▸ DATA BELOW
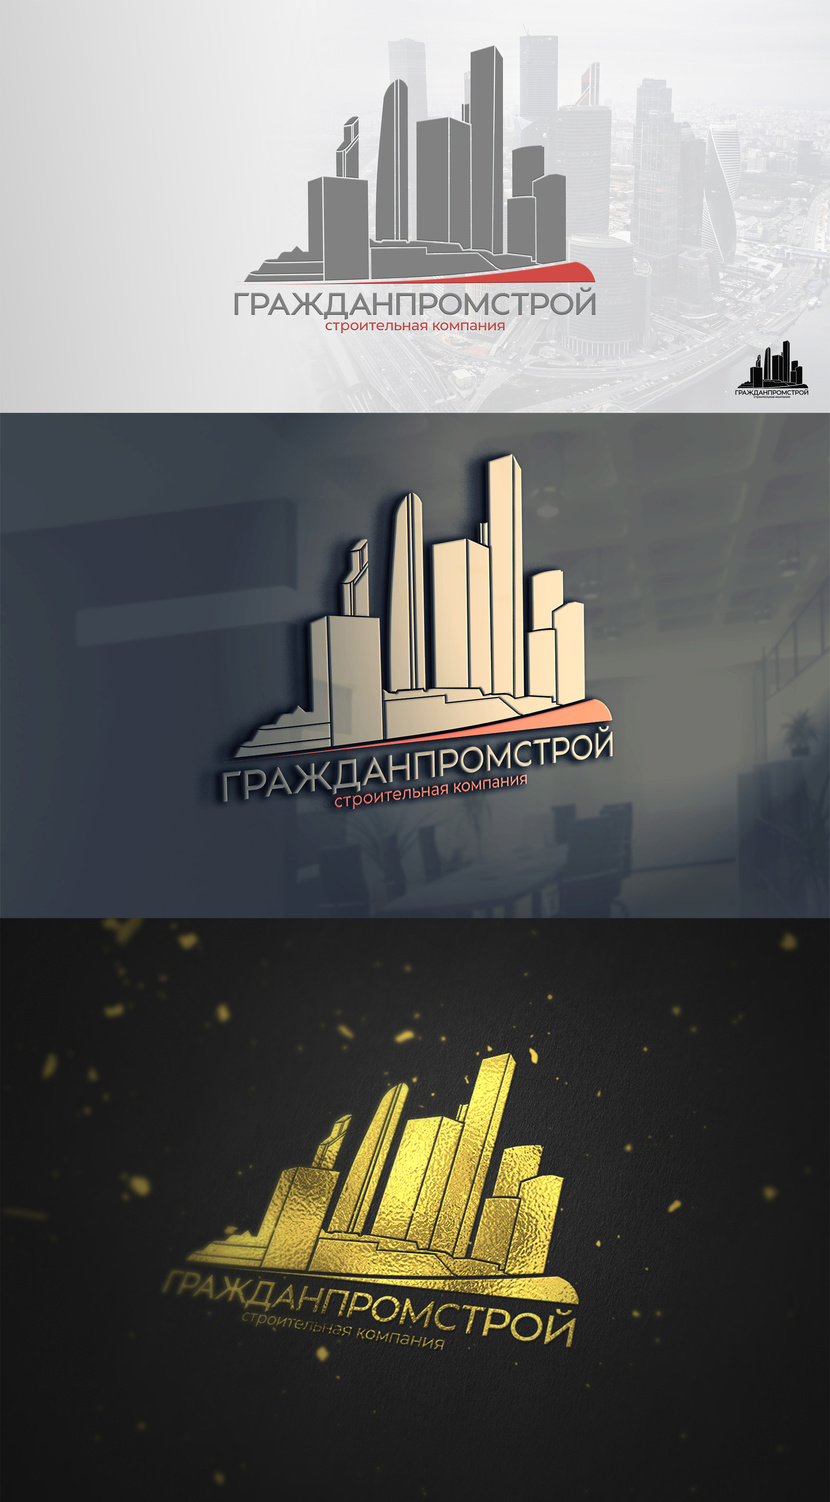 #2 - Разработка логотипа и фирменного стиля строительной компании
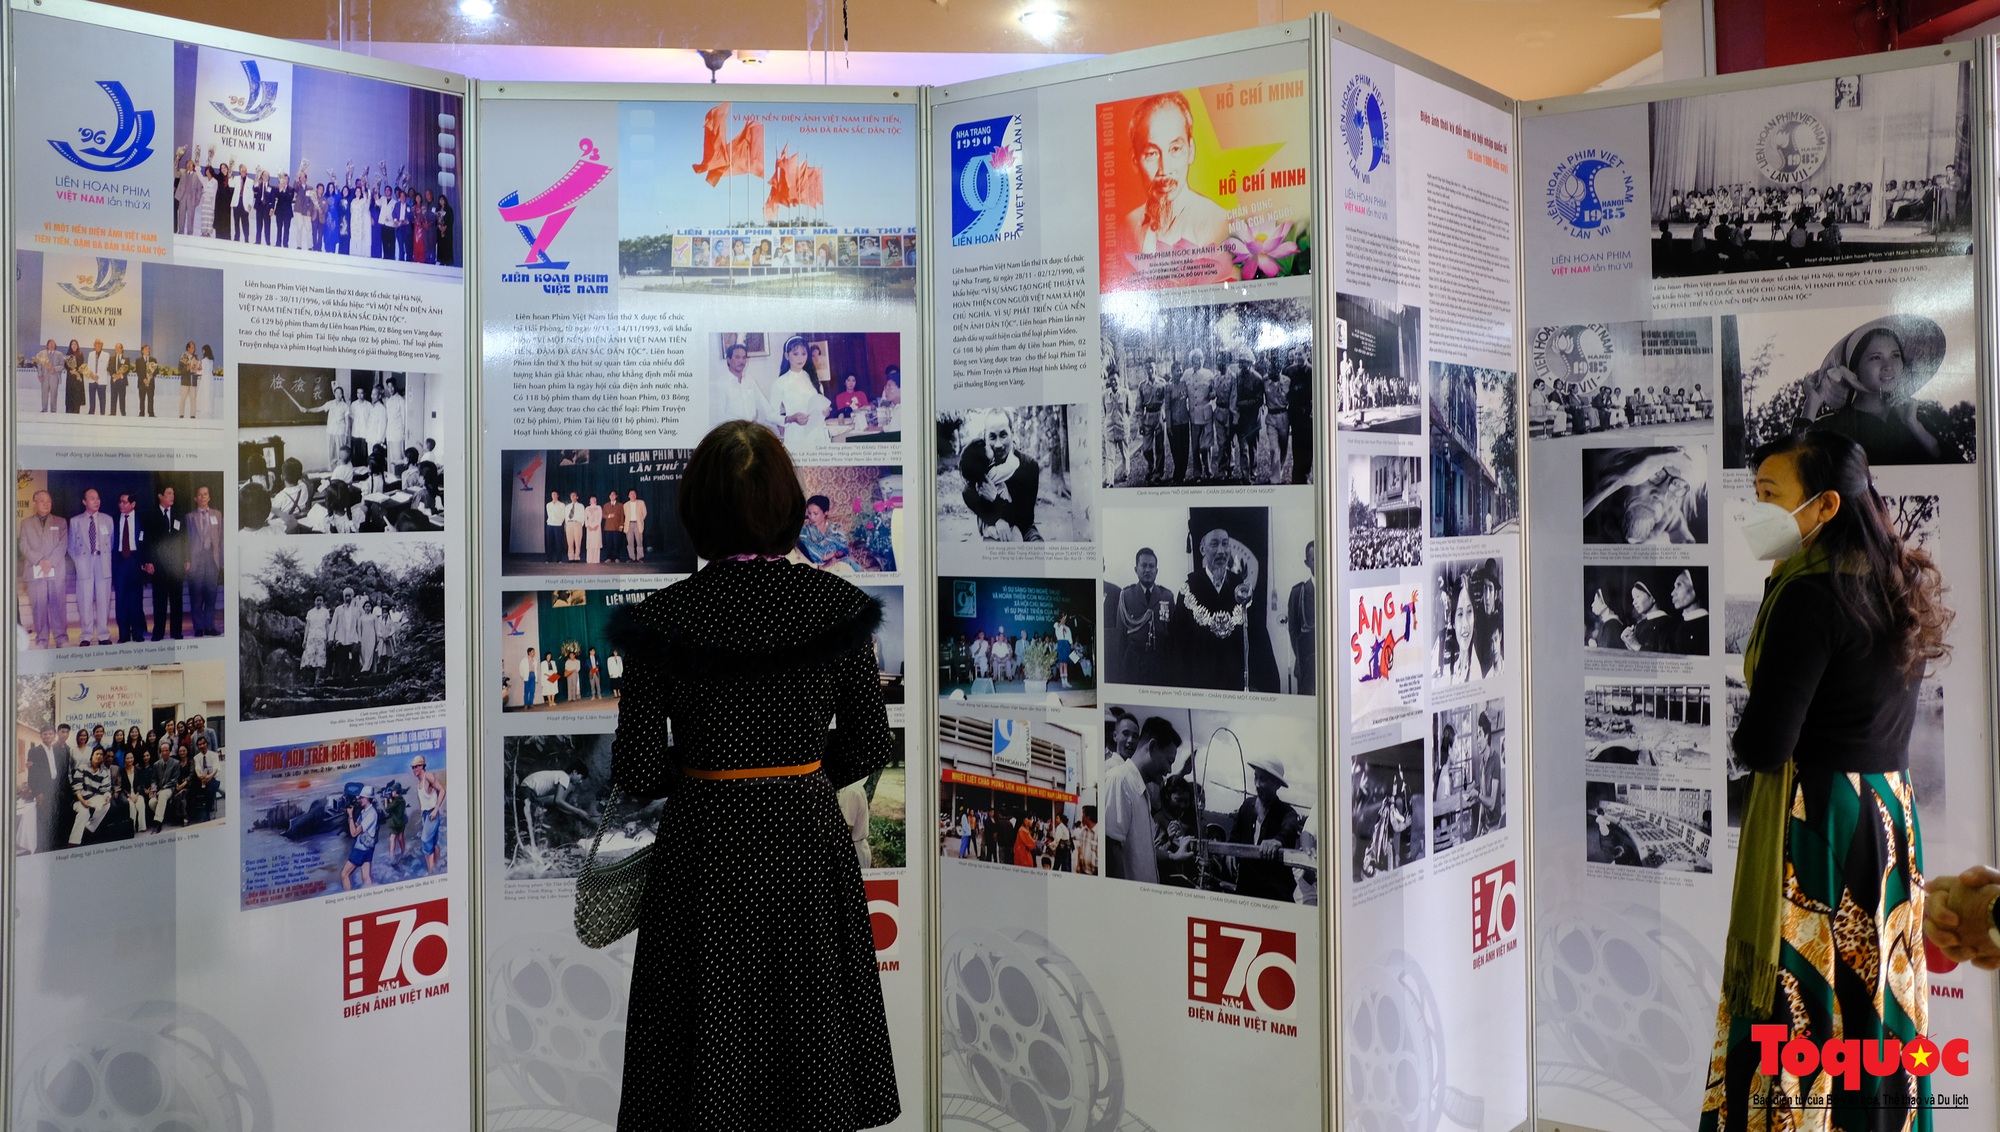 Hơn 200 tư liệu, hiện vật quý được trưng bày kỷ niệm 70 năm Điện ảnh Cách mạng Việt Nam - Ảnh 3.
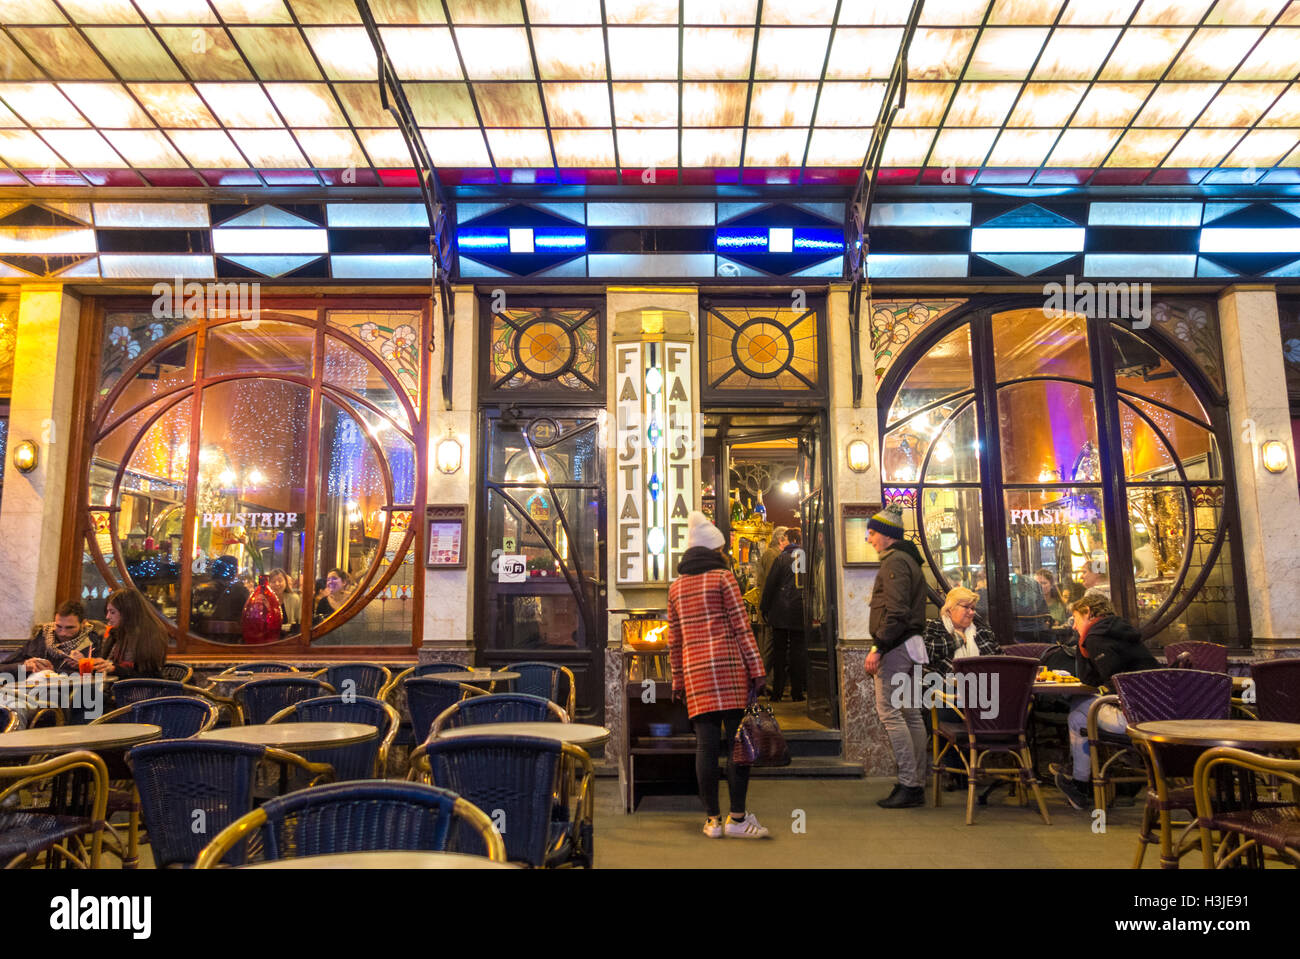 Bruxelles restaurant Le Falstaff bar café pub. Célèbre pub populaire avec l'intérieur de style Art Nouveau. Banque D'Images
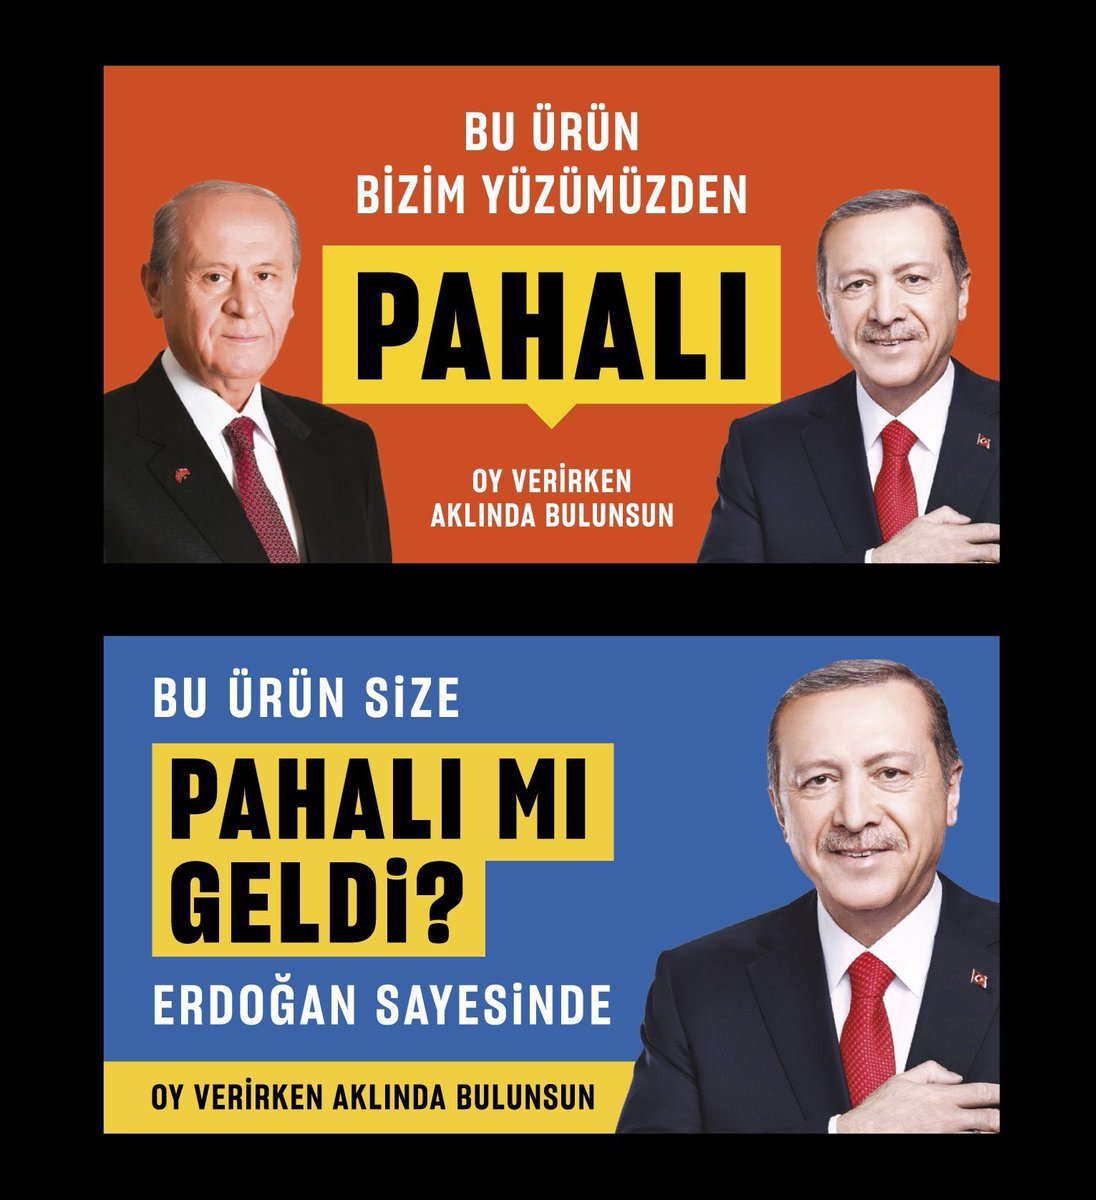 Bu şahane stickerları tasarlayan @mahirgra İzmir’de gözaltına alınmış. Aşırı tarafsız(!) yargımız yine hırsızların değil “hırsız var” diyenlerin peşinde maşallah! Gerçekleri söyleyenler değil, ülkeyi bu hale getirenler YARGILANACAK. #Son37Gün #MahirAkkoyunSerbestBırakılsın

▸ WORK TASK
The whole of the data above needs retyping exactly, with pictures omitted.

▸ FINAL ANSWER
 #2 - Разработка логотипа и фирменного стиля строительной компании
 Hơn 200 tư liệu, hiện vật quý được trưng bày kỷ niệm 70 năm Điện ảnh Cách mạng Việt Nam - Ảnh 3.
 Bruxelles restaurant Le Falstaff bar café pub. Célèbre pub populaire avec l'intérieur de style Art Nouveau. Banque D'Images
 Bu şahane stickerları tasarlayan @mahirgra İzmir’de gözaltına alınmış. Aşırı tarafsız(!) yargımız yine hırsızların değil “hırsız var” diyenlerin peşinde maşallah! Gerçekleri söyleyenler değil, ülkeyi bu hale getirenler YARGILANACAK. #Son37Gün #MahirAkkoyunSerbestBırakılsın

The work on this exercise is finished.